Петер Сафран покорно поцеловал руку Эвелины, обтянутую красивой светло-сиреневой перчаткой. Просто диво, до чего послушным и смирным парнем стал людоед!
– Благодари ее милость, она твоя благодетельница, – продолжал Феликс. – По ее просьбе их сиятельство светлейший князь изволил распорядиться, чтобы тебя определили на нашем участке десятником с годовым жалованьем я тысячу форинтов. Ну, что скажешь на это, парень?
Что он мог сказать? Он поцеловал руку и светлейшему князю.
– Ну, а теперь выпей со мной! – с величественной снисходительностью сказал господин Каульман, наполняя пенящимся шампанским бокал Петера Сафрана: «Много лет жизни нашему всемилостивейшему председателю, его сиятельству князю!»
– Да здравствует самая прекрасная из женщин! – галантно добавил князь, прежде чем грянул туш, и тогда все четверо сдвинули бокалы: Петер Сафран, князь, банкир и прекрасная дама.
Крестьяне были растроганы этой сценой. Подумать только, знатные господа чокаются с рабочим в грубой домотканой одежде. Видать, и взаправду любят народ.

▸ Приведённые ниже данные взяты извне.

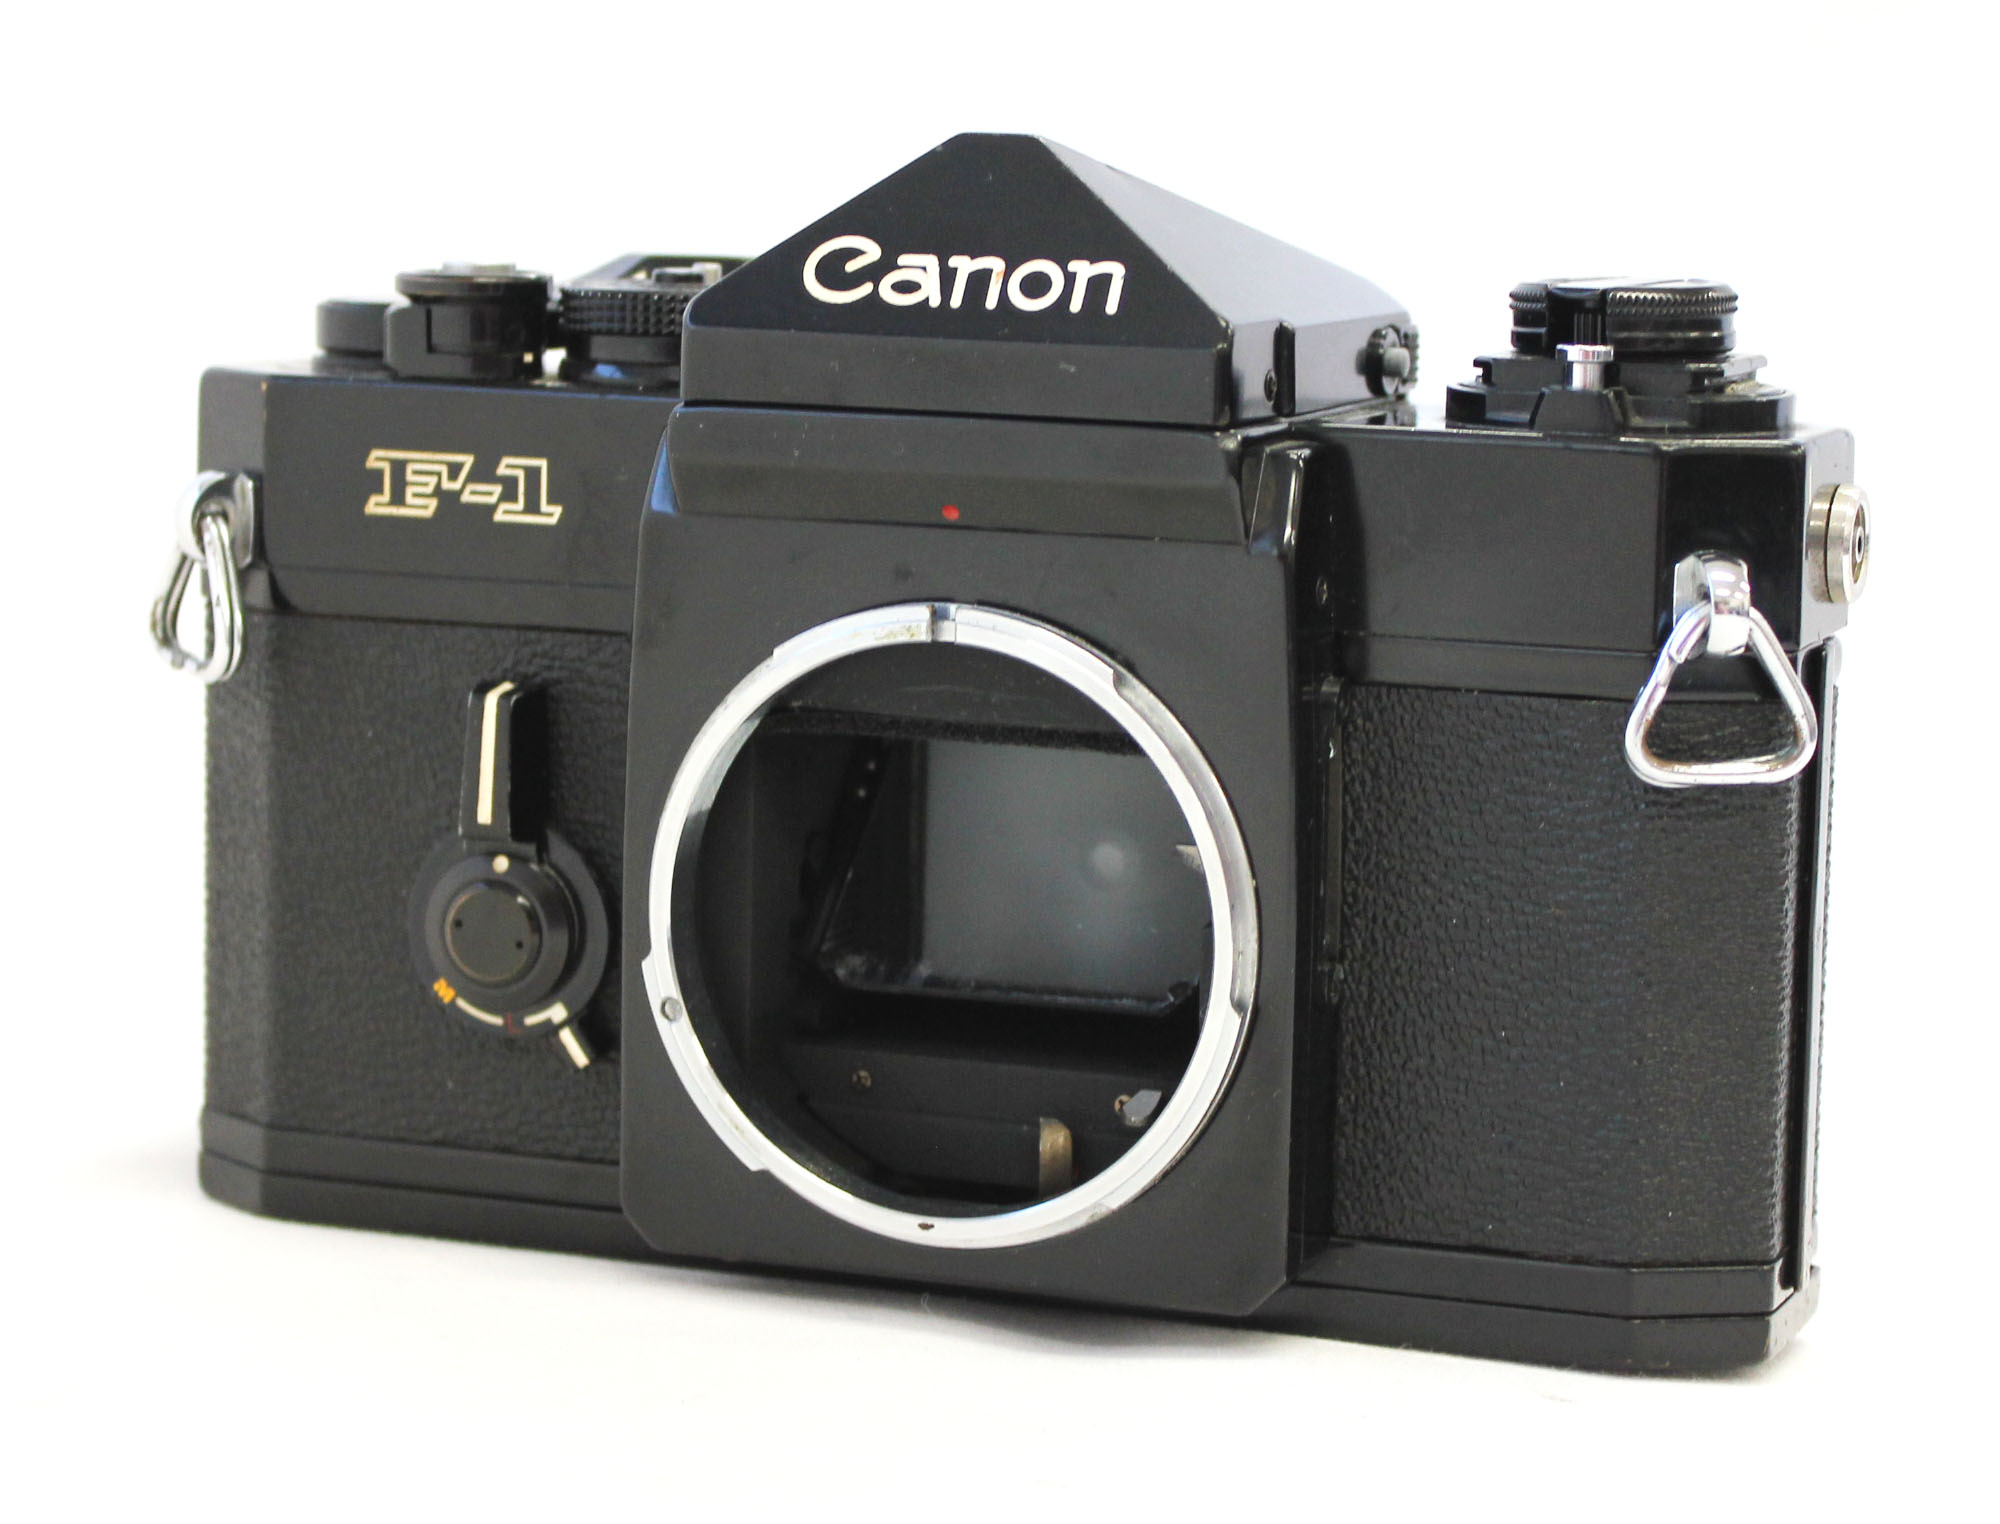 Japan Used Camera Shop | [Excellent++++] Canon F-1 Late Model 35mm SLR Film Camera Body from Japan

А Петер Сафран в это время гадал про себя: из двух господ, что сидят справа и слева от дамы, который может быть ее мужем, и тогда кем же приходится другой?
Он выпил свой бокал, но в голове от этого не прояснилось.
Праздник завершился великолепным фейерверком. Золотые искры хлопающих ракет летели к участку Ивана.
На другое утро Петер Сафран пришел к Ивану и объявил, что переходит на господскую шахту.
Иван только сказал с горечью:
– И ты? Ну что же, ступай!
Сафран был бледнее обычного. Он ждал, что Иван начнет упрекать его, но ждал напрасно, ибо Иван не промолвил больше ни слова, и тогда у Петера вырвалось то, что камнем лежало на душе.
– Почему тогда вы крикнули тому человеку «доктор»?
– Потому что он и есть доктор. Доктор философии.
Сафран угрожающе поднял палец.
– Все равно вам не надо было кричать тогда «доктор»!
Он повернулся и вышел, не попрощавшись. Душевные силы Ивана подвергались поистине суровому испытанию.
Лучшие рабочие покидали его. Мощные, колоссальные капиталы захлестывали его утлое суденышко, грозя смести начисто; от Ивана отказались все его прежние партнеры и компаньоны. Крепкое сердце нужно было иметь, чтобы не убежать из этого прокопченного домишка, оставив торжествующему противнику неблагодарную шахту.
Но и в этом тяжелом положении один истинный друг не изменял ему и не давал отчаиваться: то была аксиома, что дважды два всегда четыре.
Простейшая логика подсказывала Ивану, что происходит на его глазах.
«Это объединение промышленников?! – Нет, рыцарей биржи».
«Они занимаются развитием национальной экономики? – Нет, ведут азартную игру».
«Может быть, здесь создается промышленное предприятие? – Нет, вавилонская башня».
Дважды два – четыре. И вовеки веков – четыре.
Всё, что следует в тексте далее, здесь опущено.